— Washington D.C. – Suasana tegang menyelimuti acara White House Correspondents’ Dinner di Washington D.C. ketika Presiden Amerika Serikat Donald Trump dan Wakil Presiden JD Vance harus dievakuasi mendadak akibat insiden penembakan yang terjadi di sekitar lokasi acara pada Minggu (24/4/2026). Insiden ini memicu kekhawatiran dan sempat menghentikan jalannya acara kenegaraan tersebut.

Menurut laporan Bloomberg, seorang saksi mata di lokasi kejadian mengaku sempat mendengar teriakan petugas keamanan di koridor sebelum situasi memanas dan disusul dengan suara tembakan. United States Secret Service segera bertindak cepat mengamankan situasi dan memastikan terduga pelaku telah ditangkap.

Presiden Trump kemudian menyampaikan pernyataannya melalui platform Truth Social. “Pelaku penembakan telah ditangkap, dan saya telah merekomendasikan agar kita ‘BIARKAN PERTUNJUKAN BERLANJUT’ tetapi, akan sepenuhnya dipandu oleh penegak hukum,” ujar Trump. Ia menambahkan, “Terlepas dari keputusan itu, malam itu akan jauh berbeda dari yang direncanakan, dan kita harus mengulanginya lagi.”

Kepanikan dan Kebingungan di Ruangan

Suasana di dalam ruangan acara sempat diliputi kebingungan di kalangan para jurnalis. Mereka menerima instruksi yang simpang siur mengenai apakah harus tetap bertahan di tempat atau segera melakukan evakuasi. Sebagian besar tamu memutuskan untuk tetap berada di lokasi, meskipun simbol kepresidenan yang terpasang di podium telah diturunkan.

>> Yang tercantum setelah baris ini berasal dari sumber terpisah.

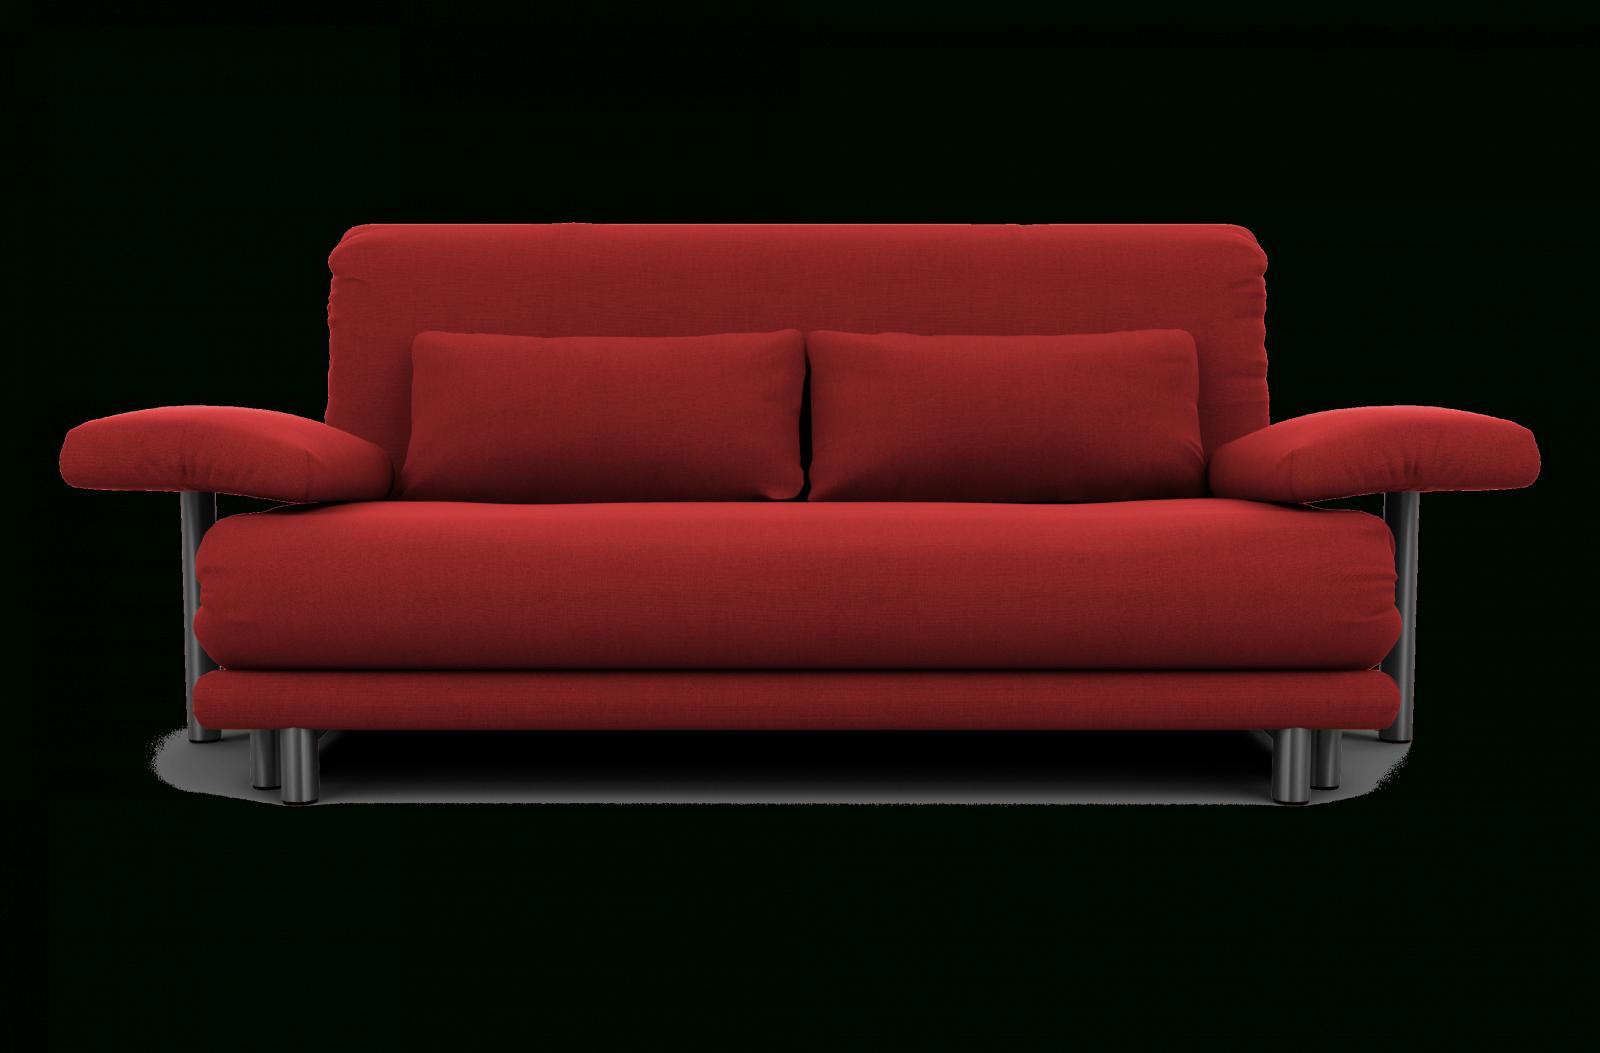 Multy Sofa Beds From Designer  Claude Brisson  Ligne Roset von Ligne Roset Schlafsofa Multy Photo

Jurnalis senior CNN, Wolf Blitzer, mengaku menyaksikan langsung pelaku yang membawa senjata api. “Saya memang melihat pelaku penembakan tergeletak di tanah setelah dia mulai menembak,” kata Blitzer. Ia menambahkan, “Petugas polisi menjatuhkannya ke tanah.”

Keributan yang terjadi tepat saat para tamu mulai menikmati santap malam tersebut seketika mengubah suasana menjadi tegang. Para jurnalis menunggu kepastian mengenai perkembangan situasi di luar ruangan.

Suara Tembakan Bergema Puluhan Kali

Anggota Kongres dari Partai Demokrat, Jamie Raskin, menceritakan pengalamannya mengalami kepanikan, meskipun ia tidak melihat langsung pelaku penembakan. “Saya pikir seorang agen Secret Service melemparkan saya ke tanah dan menindih beberapa orang lain, dan orang-orang berteriak-teriak,” ujarnya.

Raskin juga mendengar suara keras yang kemudian diyakini sebagai tembakan. “Saya mendengar beberapa suara keras, tetapi saya tidak tahu apakah itu reaksi orang-orang atau sesuatu dari luar, sulit untuk mengetahuinya, tetapi orang-orang dengan cepat mengatakan itu adalah tembakan, itu adalah suara tembakan,” tambahnya.

Sementara itu, John Lambert, presiden Boat Evolution Inc., menyaksikan seorang pria berlari melewati petugas keamanan menuju tangga ruang dansa sebelum akhirnya dikejar. Ia menyebutkan terdengar rentetan tembakan hingga sekitar 20 kali yang diarahkan ke pria tersebut. Dalam kondisi mencekam itu, Lambert segera diarahkan untuk berlindung ke kamar mandi.